### Record set
################
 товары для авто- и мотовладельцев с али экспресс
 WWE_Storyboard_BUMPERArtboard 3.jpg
################
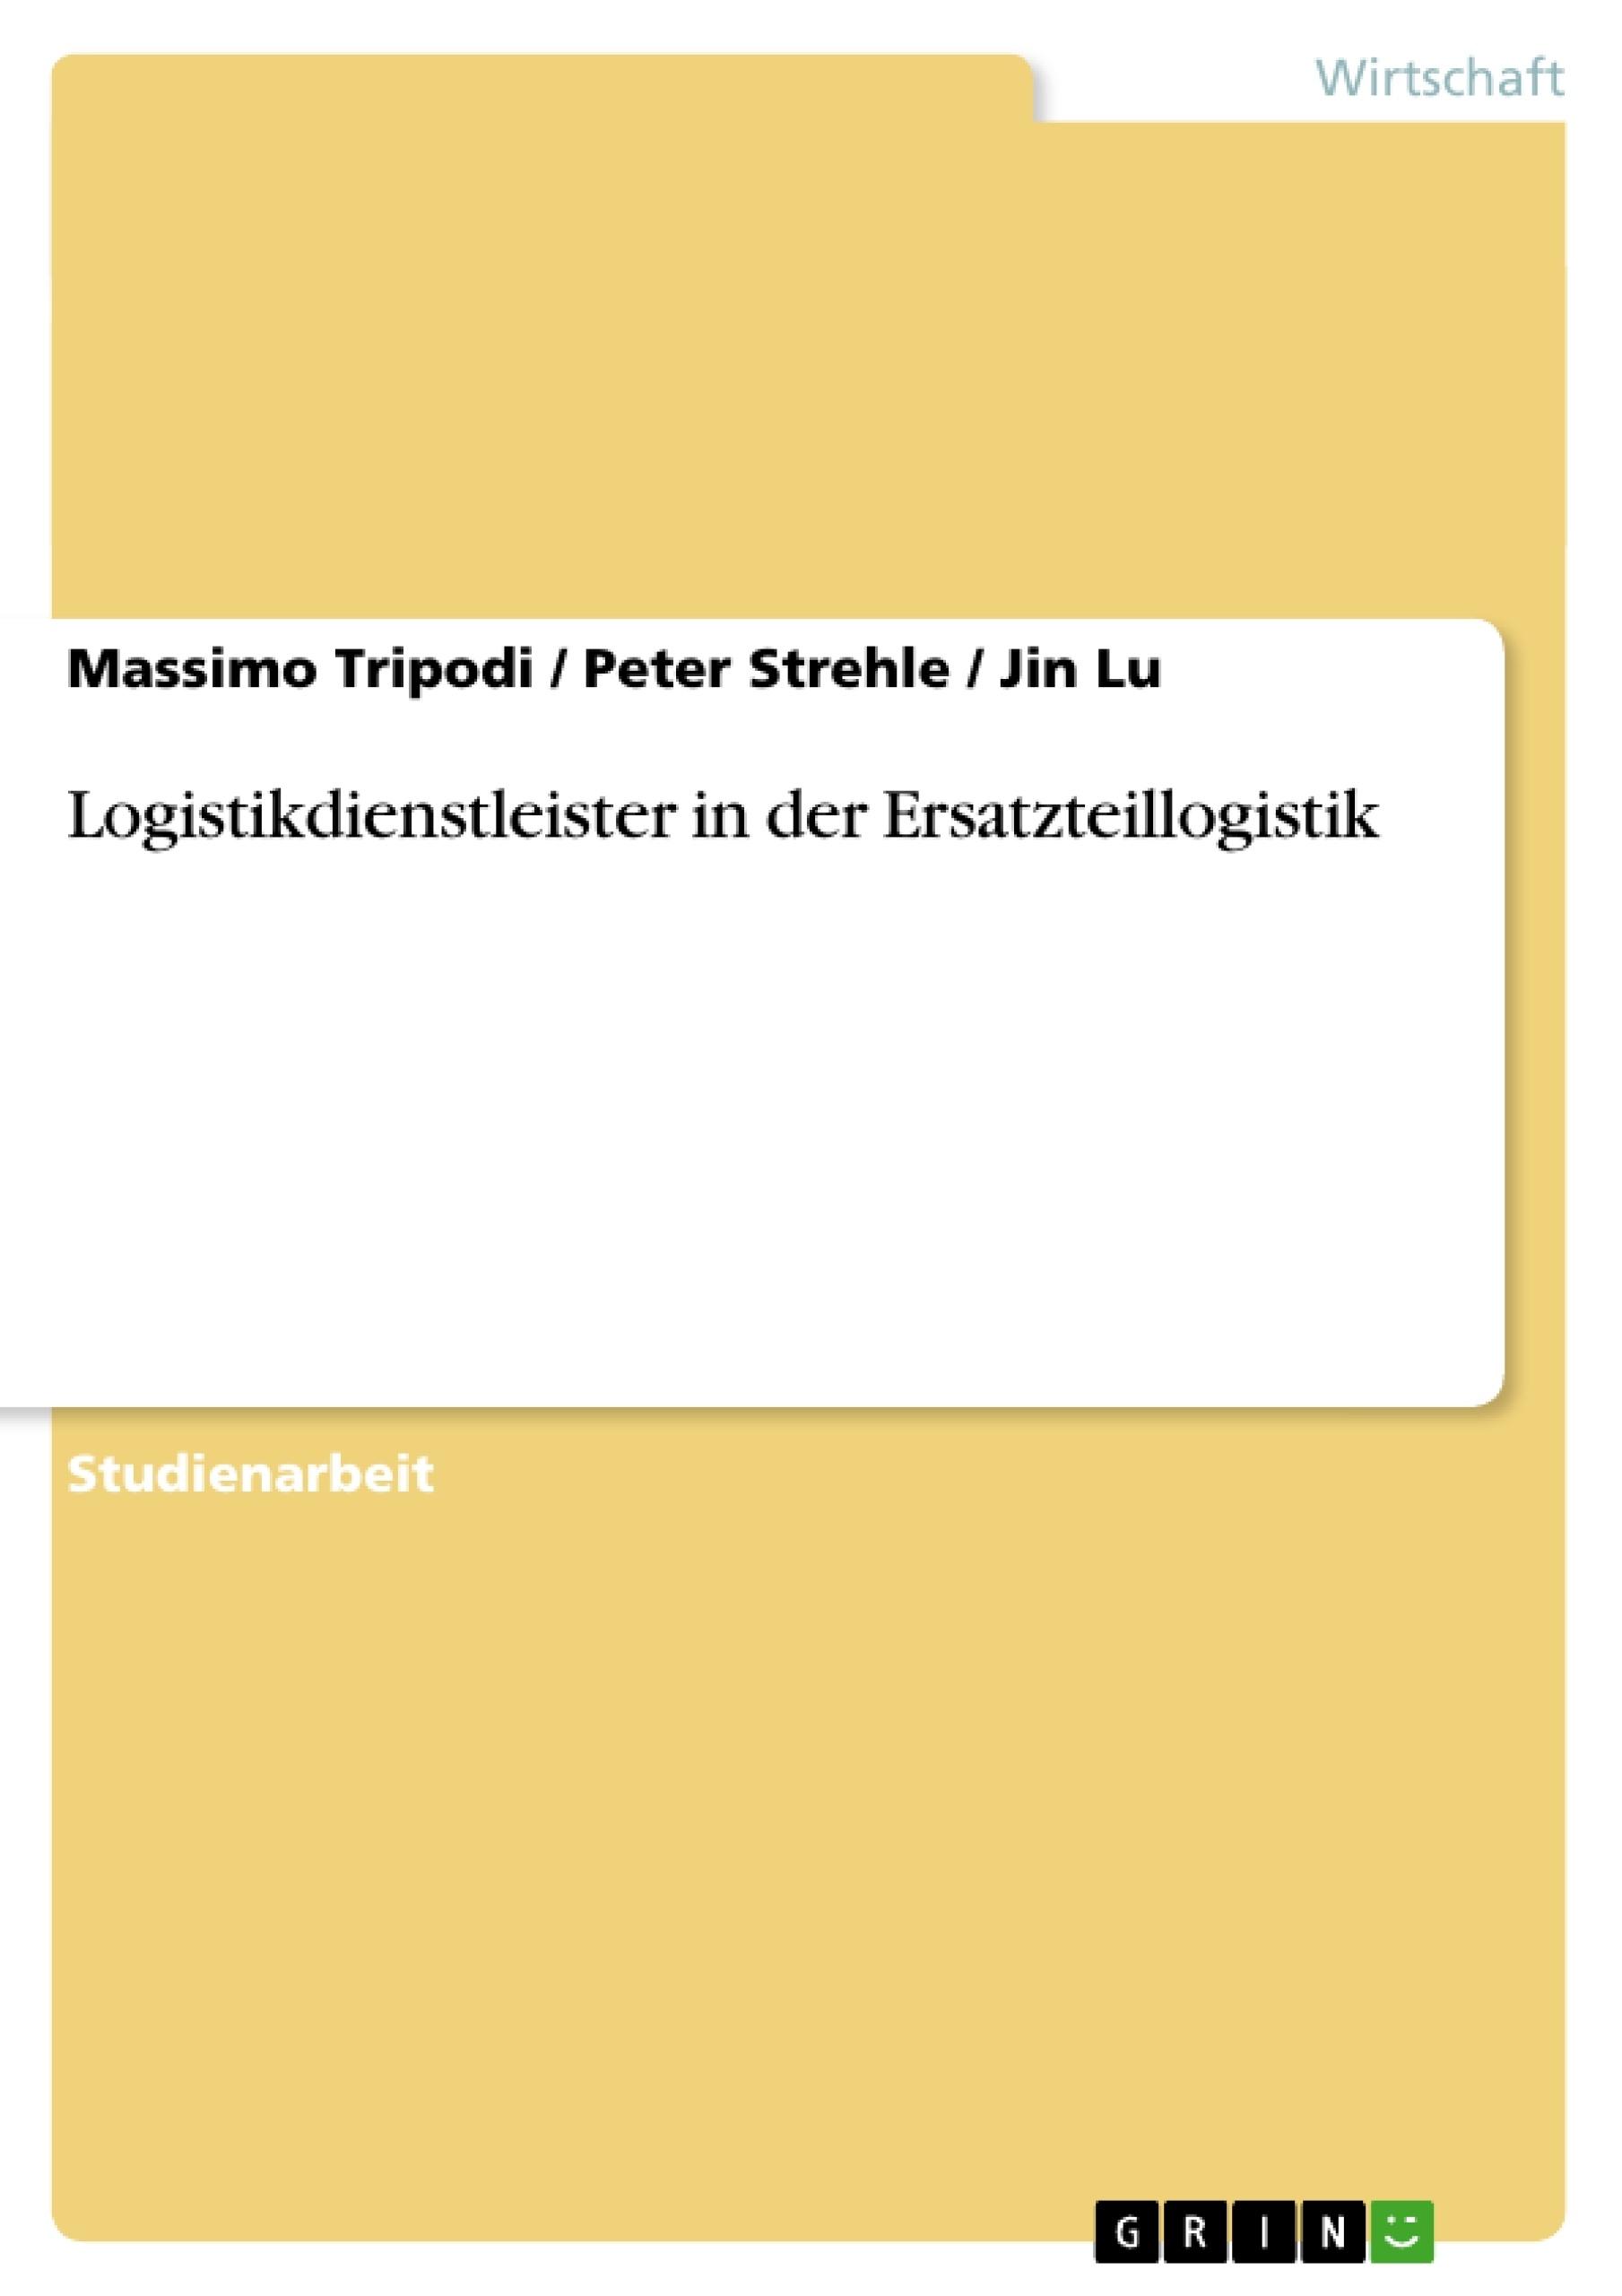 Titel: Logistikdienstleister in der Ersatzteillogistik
################
Exactly the lines above from the one with "товары для авто- и" to the one with "WWE_Storyboard_BUMPERArtboard 3.jpg", both included, are to be quoted; leave the rest out.

 товары для авто- и мотовладельцев с али экспресс
 WWE_Storyboard_BUMPERArtboard 3.jpg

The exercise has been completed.